We talked honestly and openly generally. I did not realise while we were together that some of my reactions to situations were due to anxiety, so he never knew that I experienced it. My depression was basically non existent. I had normal ups and downs, yet he knew I had, had depression in the past and that I had tried to kill myself.

Trust is only as good as the realtionships communication I believe.

Finances can be an area that causes problems in relationships.
We both had access to each others bank accounts, and shared paying the bills for the house. If there was a need for a deposit and I had more money at the time accessible than he did it might take a bit but he accepted that it was just the situation for that moment and it would play out that neither of us were out of pocket more than the other. I bought my own vechicle and maintained it, and he his.

Neither of us wanted children we both made that clear in the very early days.(His two children were grown up). We both wanted a dog, and I had a cat who he adored and he was adored by the cat. In fact my cat was asked to move in and the only way I got to spend time with my cat was to visit the man! I never officially was asked if I wanted to move in. It evolved.
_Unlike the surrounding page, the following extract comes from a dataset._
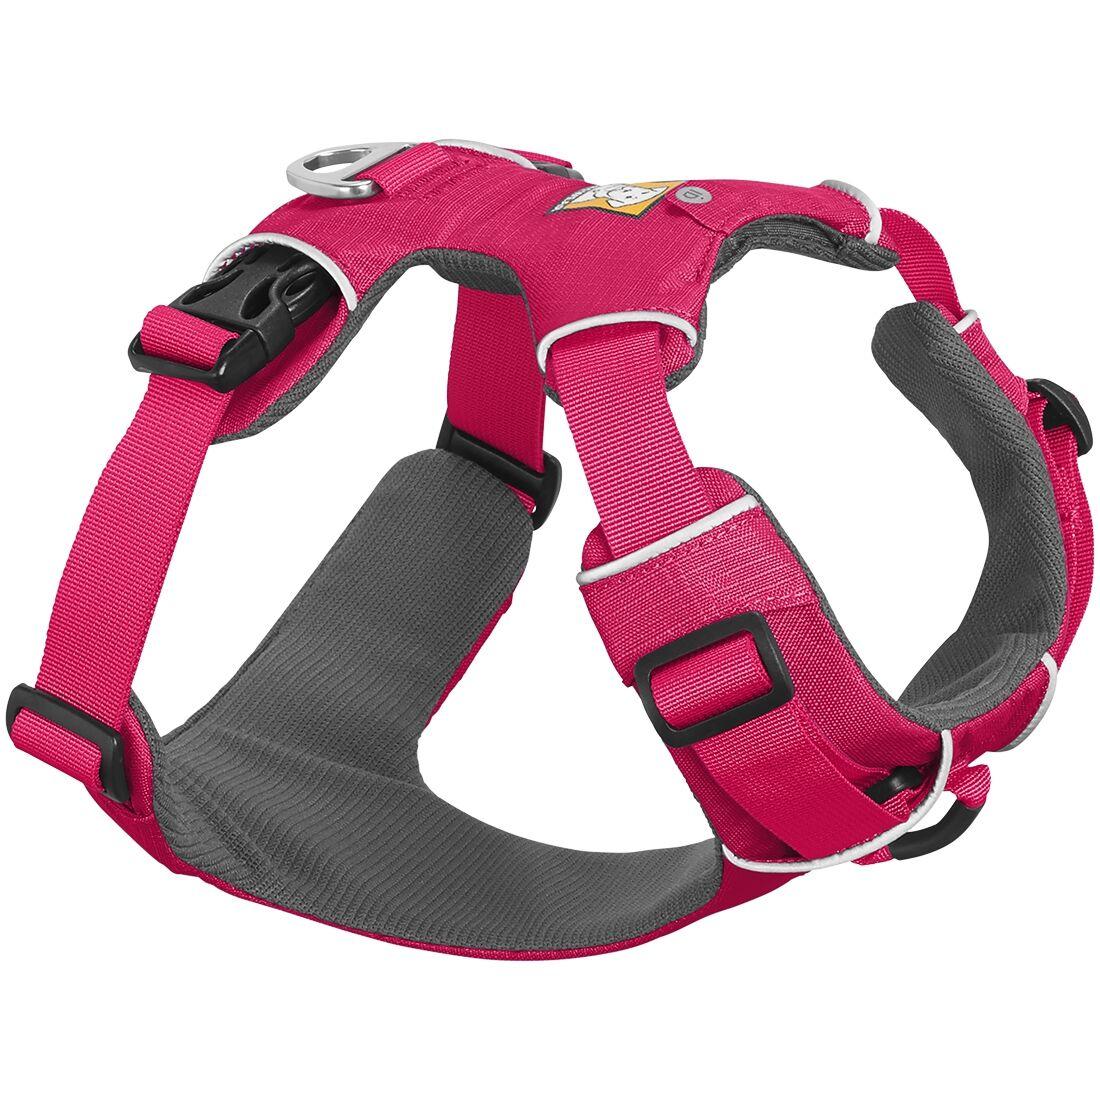 Ruffwear Harnais pour chien Ruffwear Front Range rose Taille : XXS

It took a while for me to realise that because my partner needed to do things his way and I mine, it did not mean he did not like the way I did things and vice versa, it was just different. I did not try to change him because I was certainly not going to change who I was. He never told me what to wear, or not too. He never criticised me, manipulated me, put me down, or belittled me. He never talked in a negative way about me to anyone else.

I had never had that before, and as I am basically the sort of person who will tell you to your face or check out things with an individual rather than listen to gossip. I was the same. I find it distressing when a person in a relationship that is supposedly a good one, says to me something that is belittling or judgemental or not nice about his or her partner/spouse. It makes me wonder about the truth of their realtionship sometimes.
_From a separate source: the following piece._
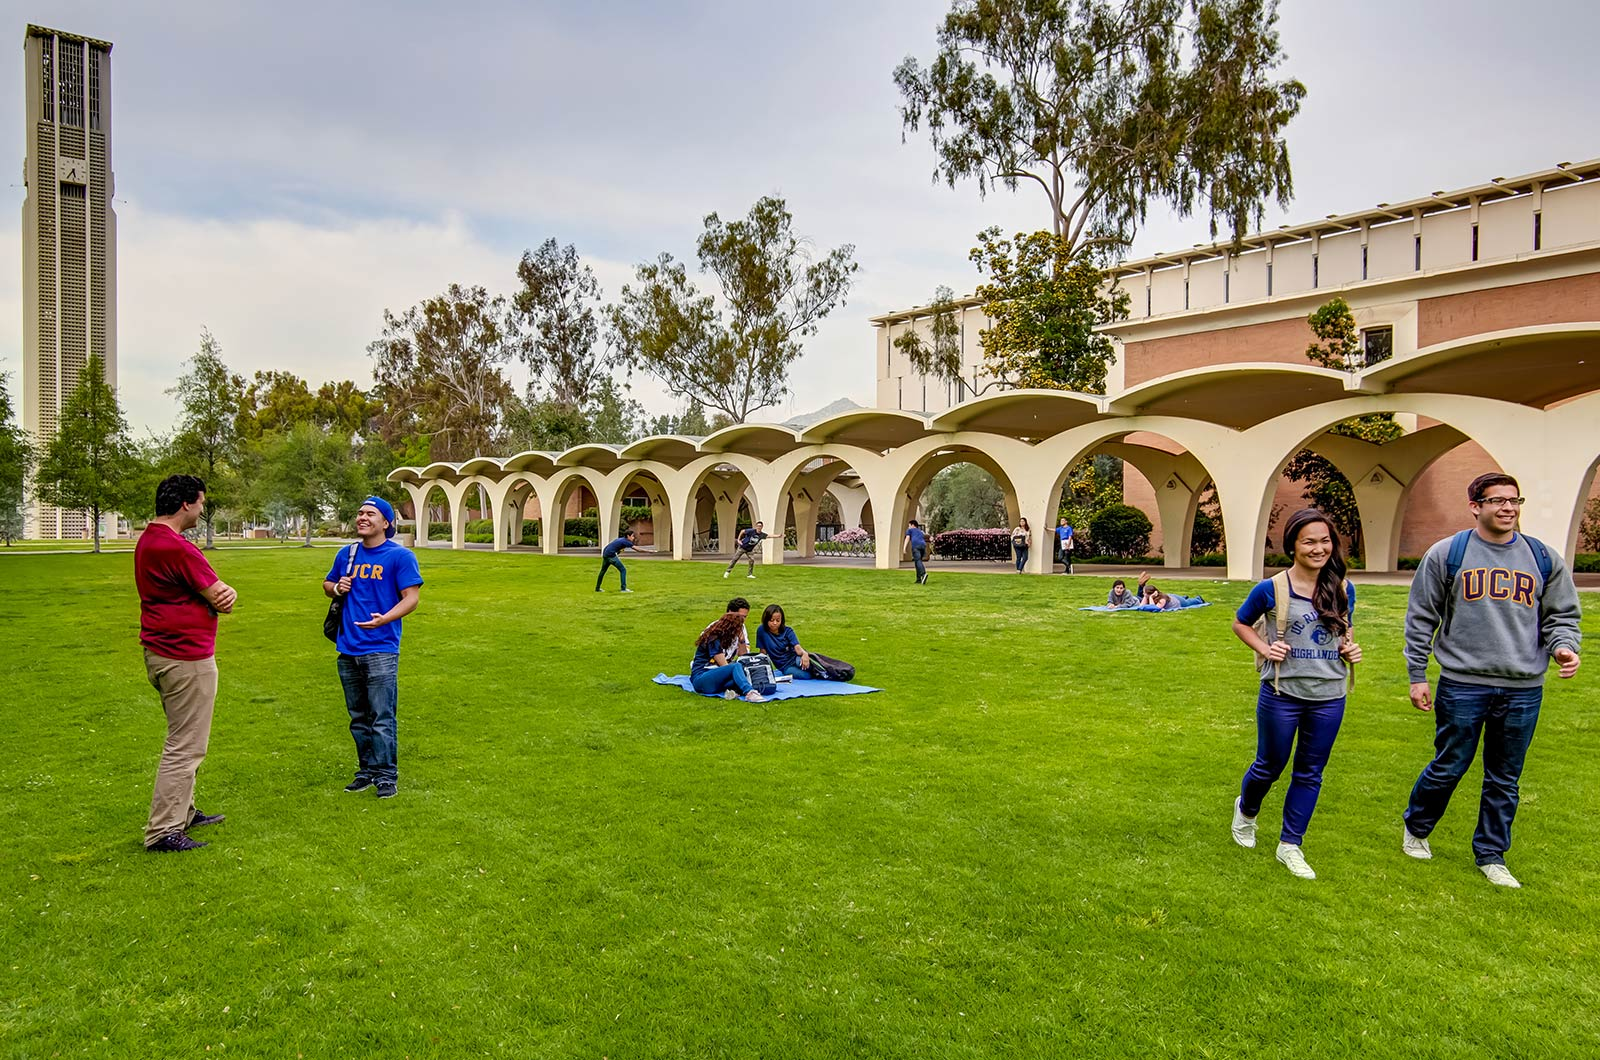 UCR-Social-Space-360-Tours-Virtual-Tour-Company-College-Vitual-Tours-Virtual-Tours-For-College

I will say we both embarrassed each other but never intentionally.

I did tear some trousers and shirts that were threadbare so he had to get something new. I was concerned that they would rip while we were out somewhere. I had told him I could see the pattern of his underpants through the trousers that I was going to do this and he did not believe me. When it happened in front of him happiness was not in the fore of his emotions, He was resigned to this. We did laugh about it eventually. He went and bought his own clothes. He was happy with them. That is the thing. I would never have tried to change how he dressed (just did not want to see him exposed) or who he was. I fell for him, as he was, warts and all just not exposing himself in public..

I do understand their are realtionships that are bad, where people are not happy, or are being abused in all sort of ways. People in these situations have to make decisions for themselves. I encourage you to think about seeking help. I do have my own opinions and feelings about these situations. I am not a counselor.

I grew up on fairytales and romance, wonderful friends for life stories. Reality is not like this. A true relationship that is mutual and unconditional be it a friendship or a romantic one is perhaps not equal in all ways. There is always differences, and preferences but communicating and honesty without malice, with respect, earning the trust of each other, being non judgemental, has to be coming from both parties equally in the relationship.

We all know the lustful in love days of a relationship are over in a short time. All sorts of things will erode those times. Work, family, sickness, finances, it is how you move on and accept that unconditional love is more than those early throes of being in love.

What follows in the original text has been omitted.